# Brake Planet brake rotors. Has anyone used these?



## lonewolfe (Dec 14, 2007)

Has anyone tried the brake rotors from Brake Planet? They manufacture their own rotors as well as sell OEM replacements. The price is excellent but I have not found any user feedback on their rotors. Yes, I did a search!


----------



## lonewolfe (Dec 14, 2007)

*Re: Brake Planet brake rotors. Has anyone used these? (lonewolfe)*

Nobody? The ad is in the latest issue of Eurotuner. These guys are located in SoCal.


----------



## spitpilot (Feb 14, 2000)

*Re: Brake Planet brake rotors. Has anyone used these? (lonewolfe)*

Ask for country of origin! Too many Chinese knockoff parts out there that just don't come close to meeting OEM specs! Soft rotors will wear/warp etc ..you may save a few bucks up front, but if you have to repalce 'em way early..where's the real savings in that? I stick with Brembo, Zimmerman, ATE etc!


----------



## lonewolfe (Dec 14, 2007)

*Re: Brake Planet brake rotors. Has anyone used these? (spitpilot)*

Yeah, that was my gut feeling too but these guys manufacture their own rotors and brake pads. I'm not sure it says they manufacture them here or in China though. I'll have to take another look. After seeing their website and the prices is the reason I put a post up on here to see if anyone has any experience with them.


----------



## spitpilot (Feb 14, 2000)

*Re: Brake Planet brake rotors. Has anyone used these? (lonewolfe)*

Anything too cheap to be true is Chinese knock off..not OEM quality...even some old line brands (EMPI) from the air cooled VW daze have been taken over...I bought a drive axle..recognized the name...POS...not even painted on the shaft, boots looked rough as hell..who knows how good the CV joint were..sent it back..had another similar experience with a set of motor mounts..looked rough as hell...stick with EU supplier nations as much as possilbe for VW parts! http://****************.com/smile/emthup.gif


----------



## lonewolfe (Dec 14, 2007)

*Re: Brake Planet brake rotors. Has anyone used these? (spitpilot)*

Ok, I called them today to get more information on their rotors.

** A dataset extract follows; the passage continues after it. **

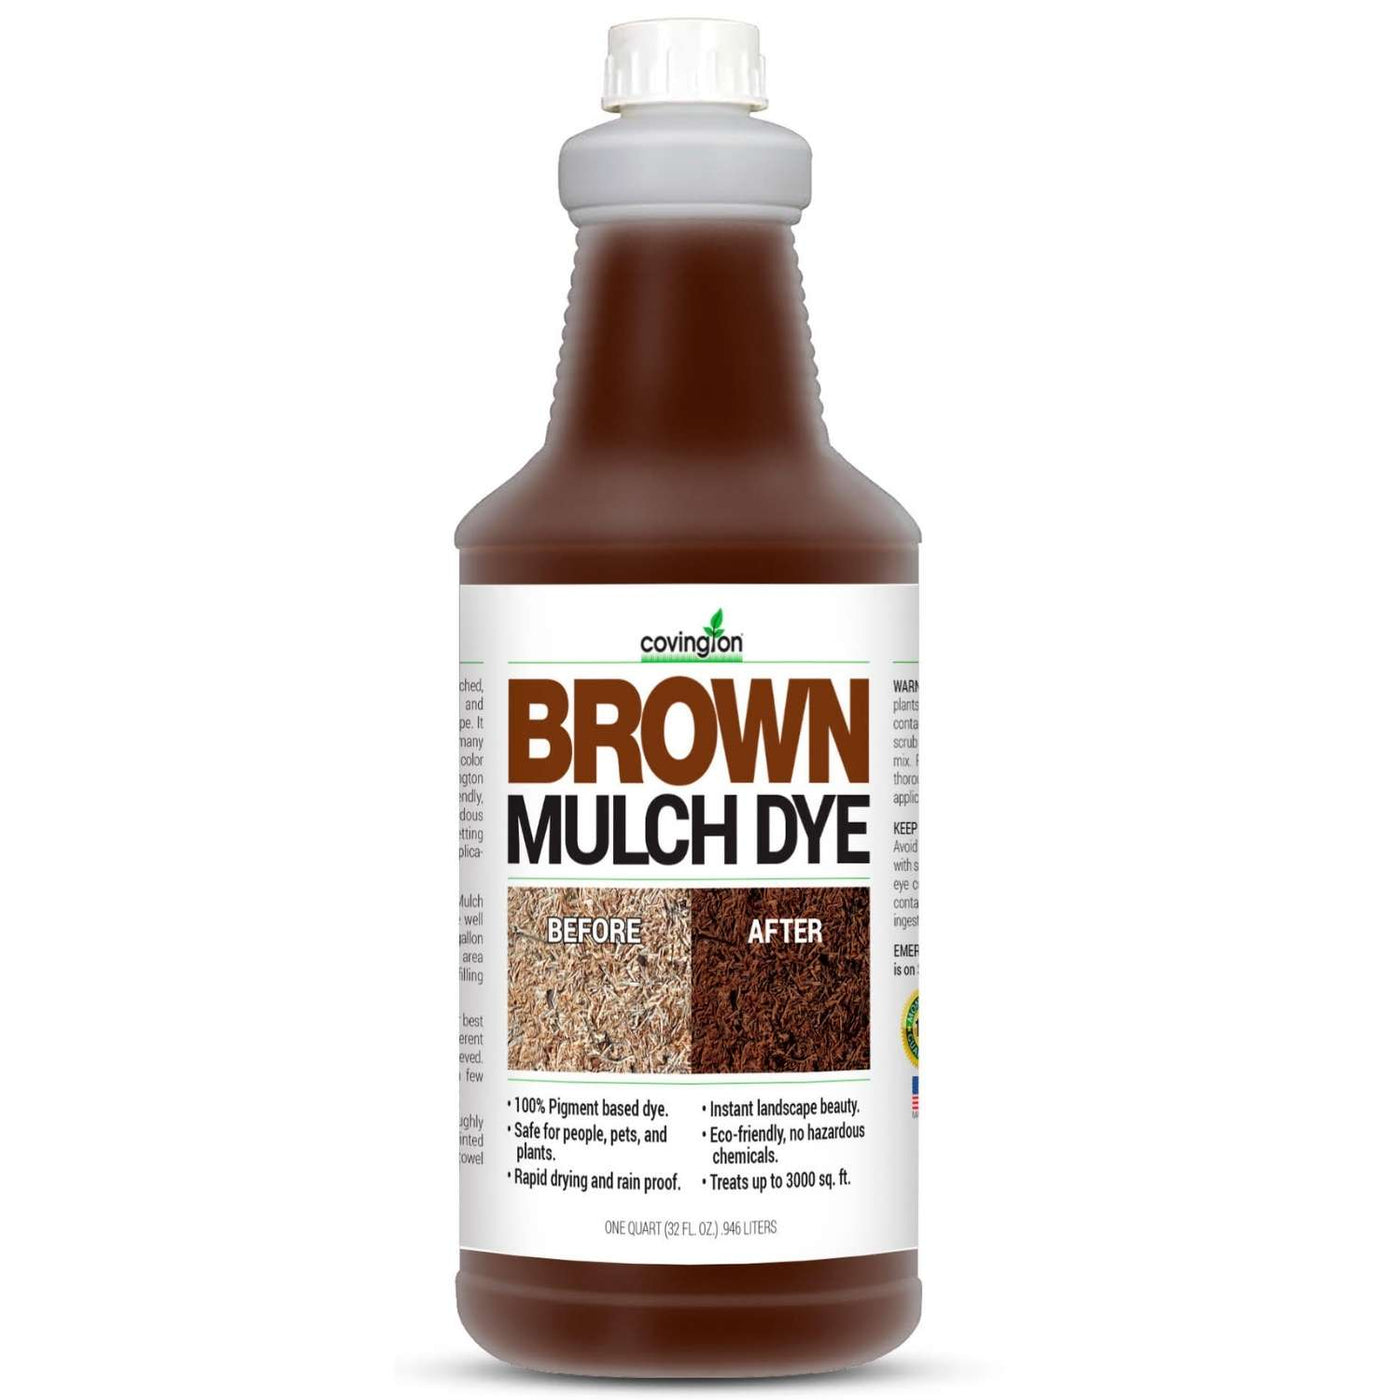 Brown Mulch Dye

The rotors are manufactured in Asia, he was not specific as to which country, and are machined and zinc plated in the Los Angeles area. I told him that I had concerns about Asian manufactured rotors and he said most of the Euro companies have their rotors cast in Asia and then they also do their machining and plating in Europe. Is this true? I have no way to know for sure but it does seem to follow the trend of most manufacturing companies these days. So, are Brembo, Zimmerman and ATE rotors cast in Europe? Does anyone know for sure?


----------



## spitpilot (Feb 14, 2000)

*Re: Brake Planet brake rotors. Has anyone used these? (lonewolfe)*

But big Co's doing raw manufacturing in China have the resources and need to keep some strict QC on what the parts are like...ATE isn't gonna risk their rep on poor quality rotors that wear out in 10K miles becasue their porous castings etc...so they do some sophisticated receiving inspection B4 finishing operations in Europe....bet "Brake Planet" doesn't do any Rockwell testing or magnafluxing!


----------



## GT17V (Aug 7, 2001)

http://www.racingbrake.com has their own foundry--- so they make their brakes in New Jersey


----------



## VDUBLUVR1 (Mar 18, 2005)

*Re: (GT17V)*


_Quote, originally posted by *GT17V* »_http://www.racingbrake.com has their own foundry--- so they make their brakes in New Jersey

have you used these brakes in the past and if so how did they hold up?? can they take a beating??


----------



## focal_21 (Feb 11, 2009)

*Re: Brake Planet brake rotors. Has anyone used these? (lonewolfe)*

I installed a set of thier rotors along with ebc pads f & r. I put about 10000 miles on them without a problem. after the 10k the rotors showed zero sign of wear, as with the oem, they lasted just over 50k. performance was great at a fraction of the cost. I no longer have the mini but I would definitely use their rotors again!


----------



## Islander (May 20, 2005)

*Re: Brake Planet brake rotors. Has anyone used these? (focal_21)*

I bought the front and rear rotor & pad sets for my late 1999 Cabrio (Mk 3.5) about 3 months ago. I had some problems with the order (they didn't ship right away or give me a traking number even though their site says they will) but after a couple contacts they did ship via Fedex and sent me the tracking number. I replaced the front rotors and pads, the parts were all correct, and they are working fine - no problems. I'm waiting for warmer weather to do the back rotors and pads since the back isn't quite worn out and is a little more complicated with the bearings and parking brake issues.
The price was good, their products are good. Just be sure to stay on top of your order to be sure they get it shipped and give you the tracking number.


----------



## Mk2 SAiNT (Jul 10, 2007)

*Re: Brake Planet brake rotors. Has anyone used these? (Islander)*

bumpage of an old thread. 
I'm highly considering going through brakeplanet.com. They offer a LIFETIME warranty on all parts. Not just the rotors but including the pads(from them of course). The catch is, you have to have a mechanic shop install them to have the warranty in effect. In other words, beat the crap out of them and they'll replace them.


----------



## Padawan (Feb 19, 2004)

*Re: Brake Planet brake rotors. Has anyone used these? (Mk2 SAiNT)*


_Quote, originally posted by *Mk2 SAiNT* »_bumpage of an old thread. 
I'm highly considering going through brakeplanet.com. They offer a LIFETIME warranty on all parts. Not just the rotors but including the pads(from them of course). The catch is, you have to have a mechanic shop install them to have the warranty in effect. In other words, beat the crap out of them and they'll replace them. 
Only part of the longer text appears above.